独裁者の圧政を倒して革命の嵐が吹き荒れる某国。そういう設定だけに、厳しい暴力的シーンがそこかしこに挿入されていますが、私が一番衝撃を受けたのは、逃亡の末に老齢の大統領とその孫がついに人民に捕まってしまう場面。(まだ映画を観ていない人にはゴメンナサイ!)権力を乱用し、国民に対して傍若無人を繰り返した大統領がクーデターにより、追われる身となり、小さな孫を連れて逃げ回った末の悲劇。復讐の怨念に囚われた国民は、懸賞金がかかった彼を、いかにして殺害するかでもめます。家族を殺された苦しみと同じように、この独裁者にも味あわせるべきだと、小さな孫を絞首刑にせんと首に縄をかけるのです。恐怖に怯える小さな男の子の目が悲しいまでに美しい!ああ、これこそがマフマルバフ監督のメッセージなのだと感じ入りました。
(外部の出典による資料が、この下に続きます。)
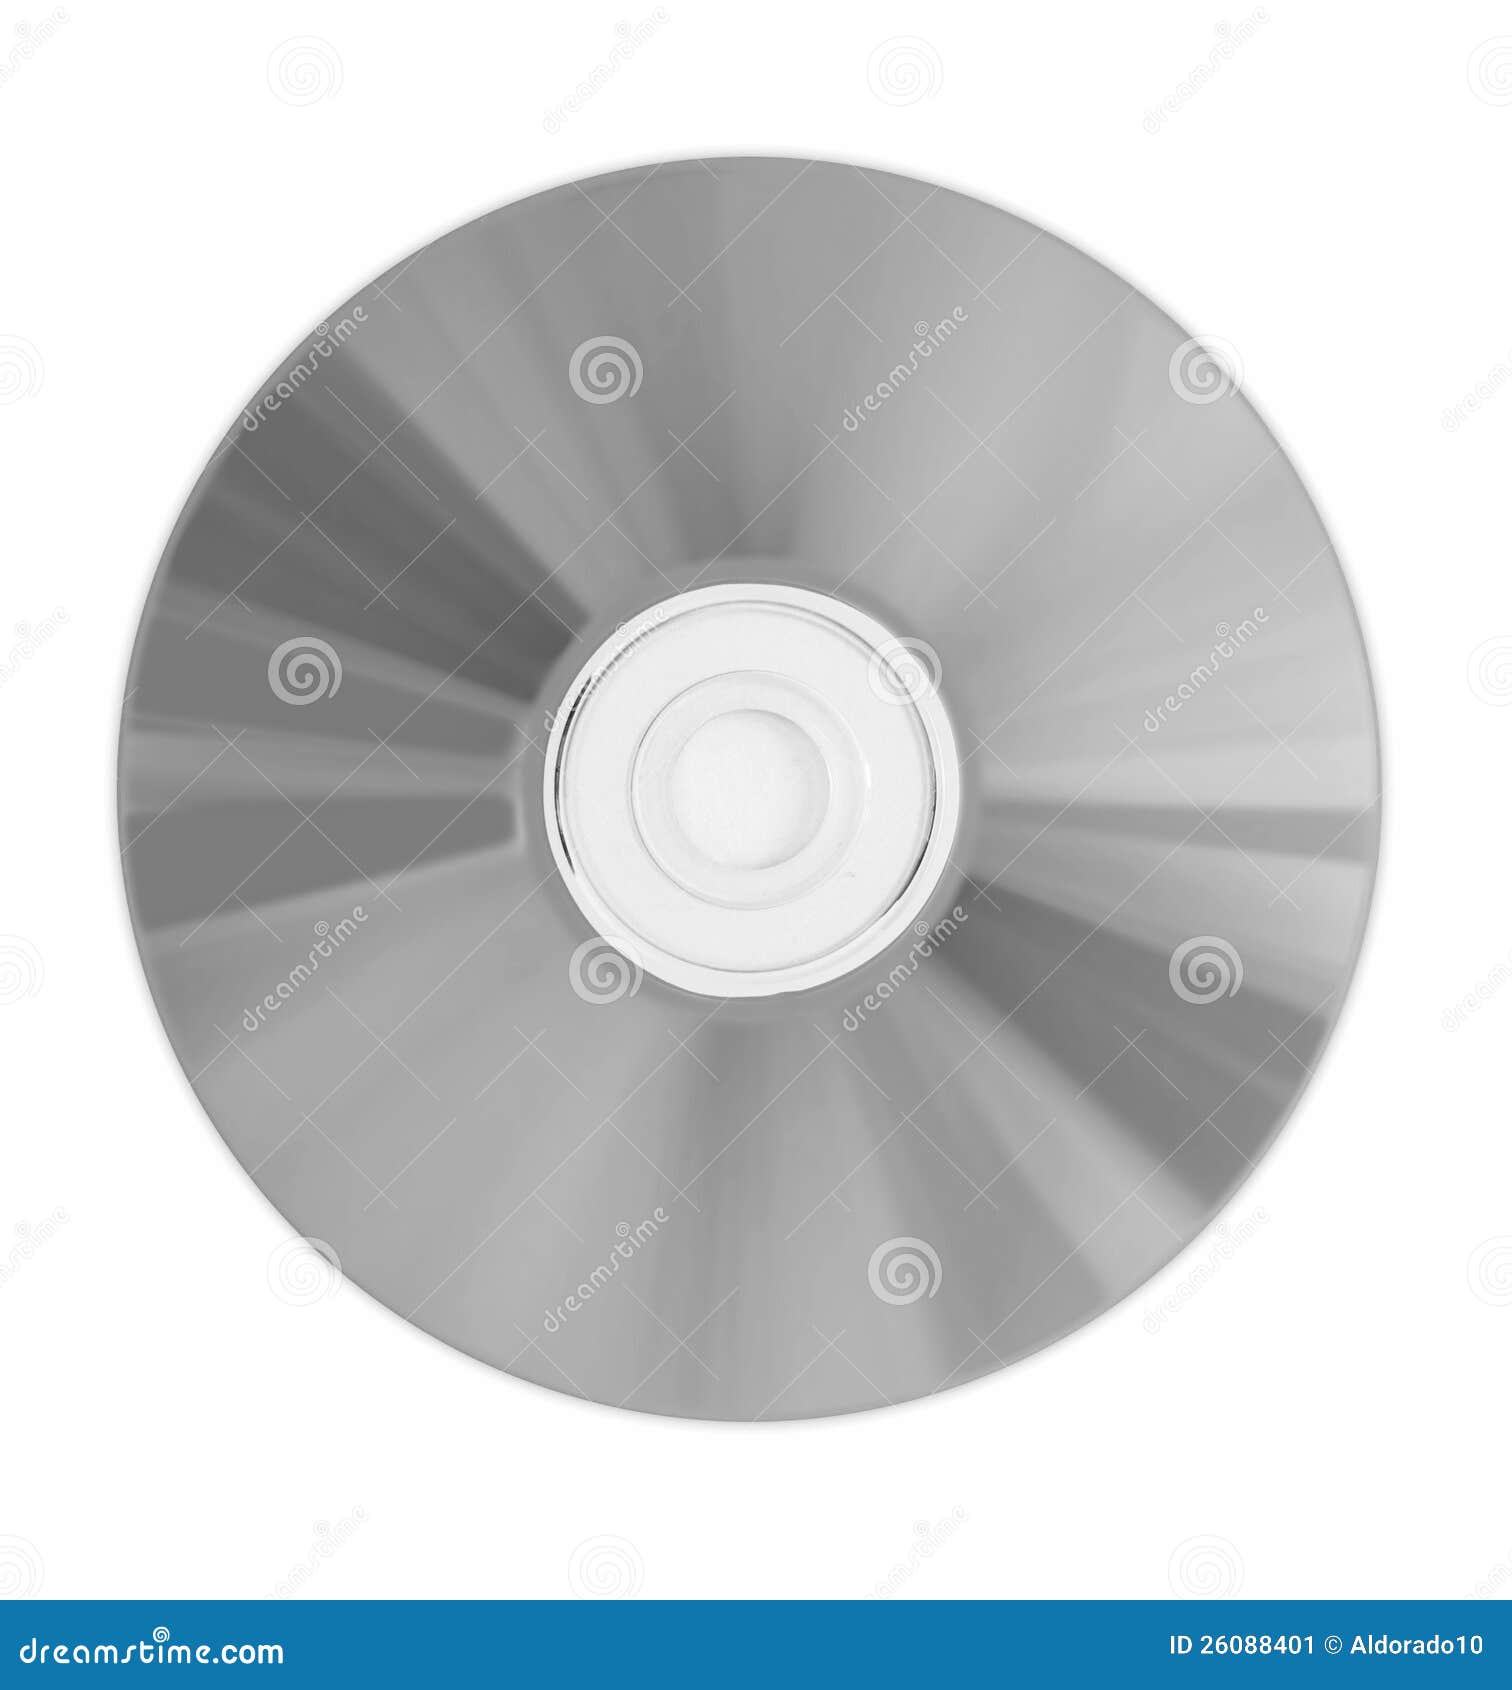 CD DVD Bluray stock image. Image of flashing, copy, record - 26088401

独裁と圧政は絶対悪です。しかし、それを打倒する革命が暴力を正当化するわけでは決してありません。暴力は憎悪を招き、更なる暴力へと連鎖する。故国イランを追われ、今なお欧州で亡命生活を送るマフマルバフ監督のメッセージは、この「悪魔の連鎖」を断ち切らないと、世界平和は実現できないということなのでしょう。ISILによるパリでの連続テロ事件を契機として、それまでウクライナを巡って対立してきたフランスとロシアが手を結び、シリア爆撃を強化し、それが更なるテロを呼んでいます。マフマルバフ監督のメッセージを重く受け止めねばなりません。
今年の年明けは、残虐なISILの蛮行に多くの日本国民が衝撃を受けました。今この瞬間も戦禍のなかに身を置く人々、祖国を追われる人々が居ることに思いを馳せ、来年こそはどうか平和を、と願わずにいられない傑作でした。